Feature image depicts a battle between the Qing Dynasty army (in blue waving the flag with a dragon) and the Republic of China army (in yellow waving the flag with a yellow sun.)

Fall of the Qing Dynasty

The Republic of China’s story begins with the deterioration of the Qing Dynasty. The Qing leadership was considered stubborn, choosing not to modernize even as it witnessed the rest of the world adopt superior technologies. As a result, foreign nations were able to bully China into “unfair treaties” using military might starting from the mid 1800s: the First (1839-1842) and Second Opium War (1856-1860), First Sino-Japanese War (1894-1895), and the Boxer Rebellion (1899-1901). China was not only forced to accept unfair trade deals but to pay reprimands and lost significant territories: Hong Kong to the United Kingdom; Korea, a tributary state of the Qing Empire, was relinquished to be independent; and Taiwan to Japan.

The weak leadership and inability to modernize was not left unnoticed by its citizens. Tensions rose, leading to a massive civil war called the Taiping Rebellion (1850-1864), and government reforms enabling more exposure to the outside world backfired: Chinese who were allowed to study abroad usually came back more determined to advocate for a revolution against the Empire.

Signing of Treaty of Shimonoseki
The signing of the Treaty of Shimonoseki gave the founding of Korea as well as handed Taiwan over to the Japanese Empire

Furthermore, the Qing Dynasty was established by the northern Manchus 250 years ago; many citizens regarded the leadership as a foreign power and felt that they must one day reclaim China for themselves. It didn’t matter that in reality, the Manchus were primarily a mix of Mongols and Jurchens, two groups of people who had historically ruled significant portions of China (see Yuan Dynasty, Jin Dynasty).

Wuchang Uprising

On October 9 of 1911, revolutionaries were preparing weaponry and a bomb accidentally exploded and drew local police to Wuchang’s Russian Settlement. In the house, police found a list of names of revolutionaries. Because of the discovery, the revolutionaries decided they had to strike immediately, and they attacked and overwhelmed imperial forces in Wuchang on October 10. The success spread quickly–the other provinces also rebelled and declared independence from the Qing Empire.

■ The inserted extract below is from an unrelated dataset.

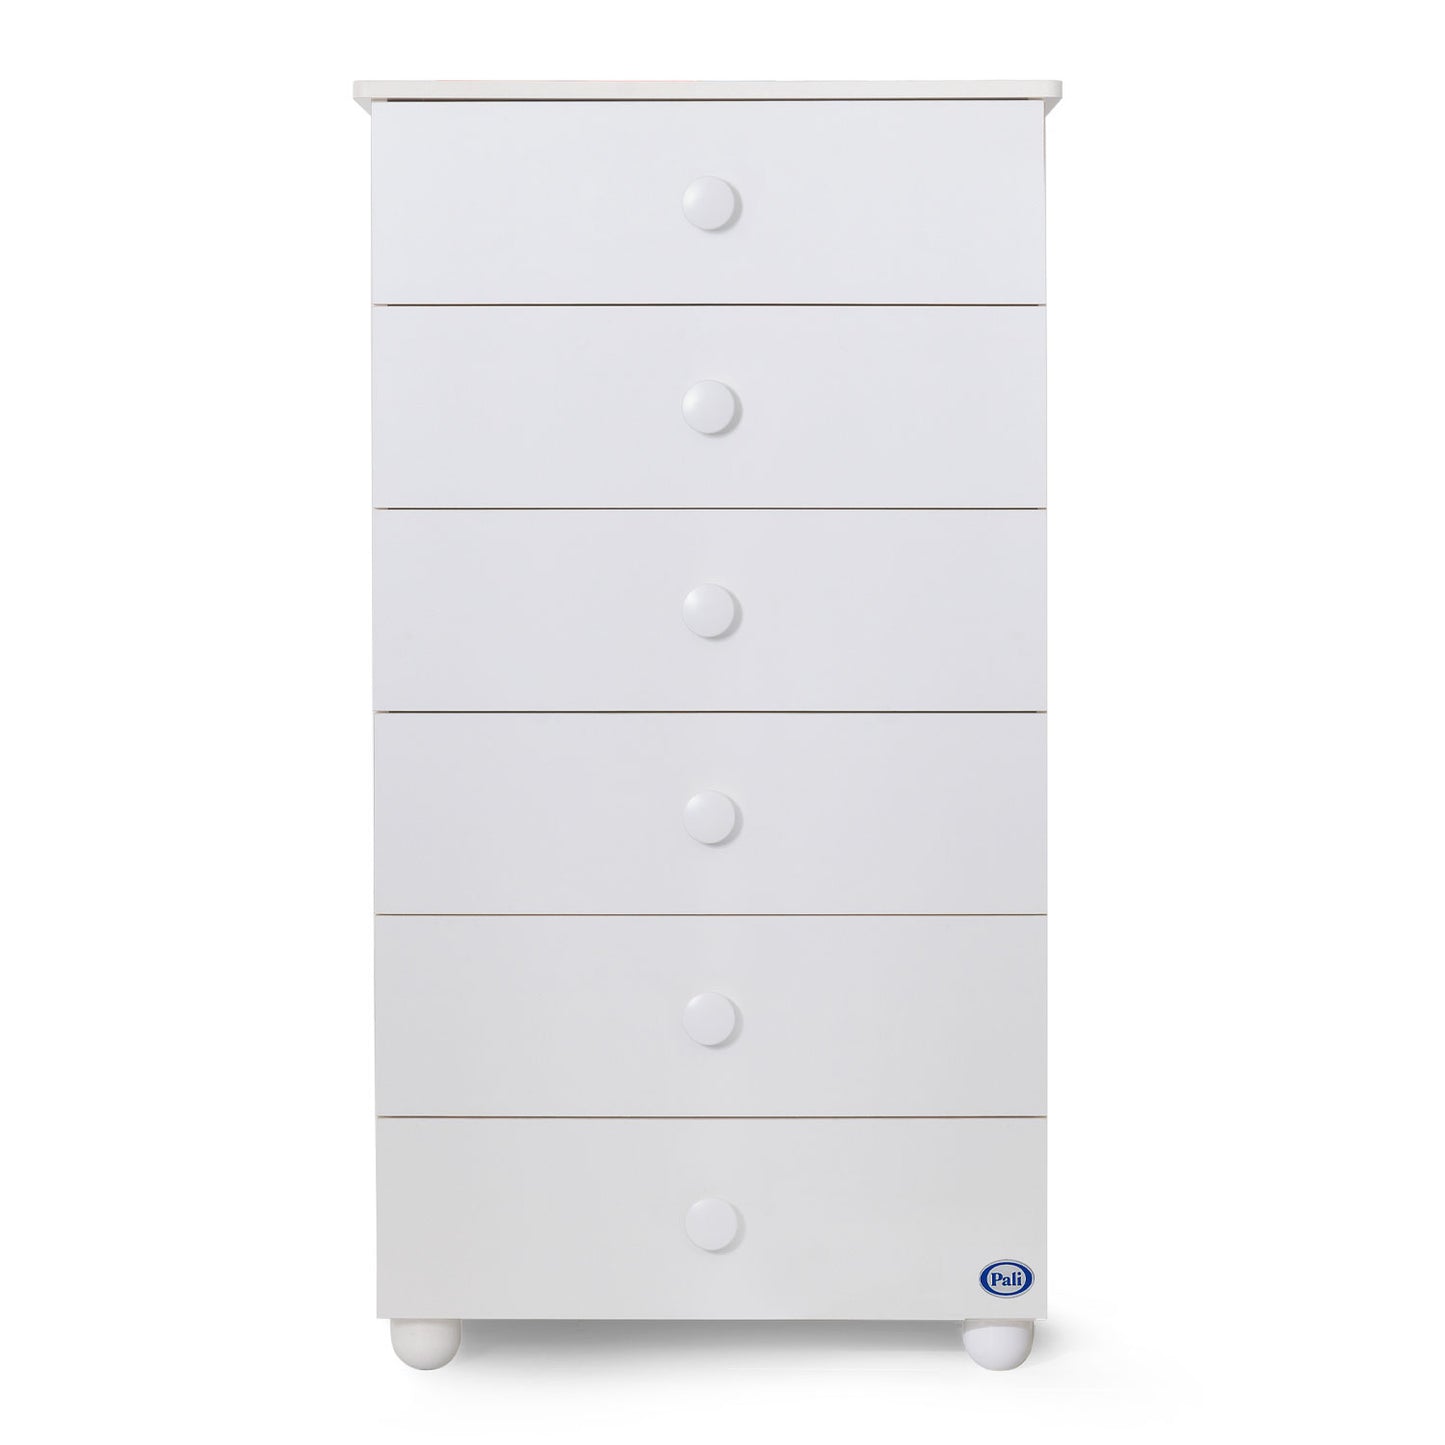 Eco White Wooden 6 Drawer Tallboy by Pali

Dr. Sun was in Denver when he received a week-old telegram about the success of the Wuchang uprising, and he returned to China in December. Meanwhile, the military leader Yuan Shikai who led the Empire’s strongest army, made a strategic decision to negotiate between the Qing leadership and the revolutionaries.

On December 28, Empress Dowager Longyu called for a National Convention to begin formal negotiations with the revolutionaries. Dr. Sun was elected to be the provisional president of the Republic of China on December 29, 1911 and was officially inaugurated on January 1, 1912. Things were looking good for Dr. Sun and his vision of the Republic of China, but Yuan Shikai had bargained for the presidency of the new government in order to bring a peaceful end of the Qing Empire.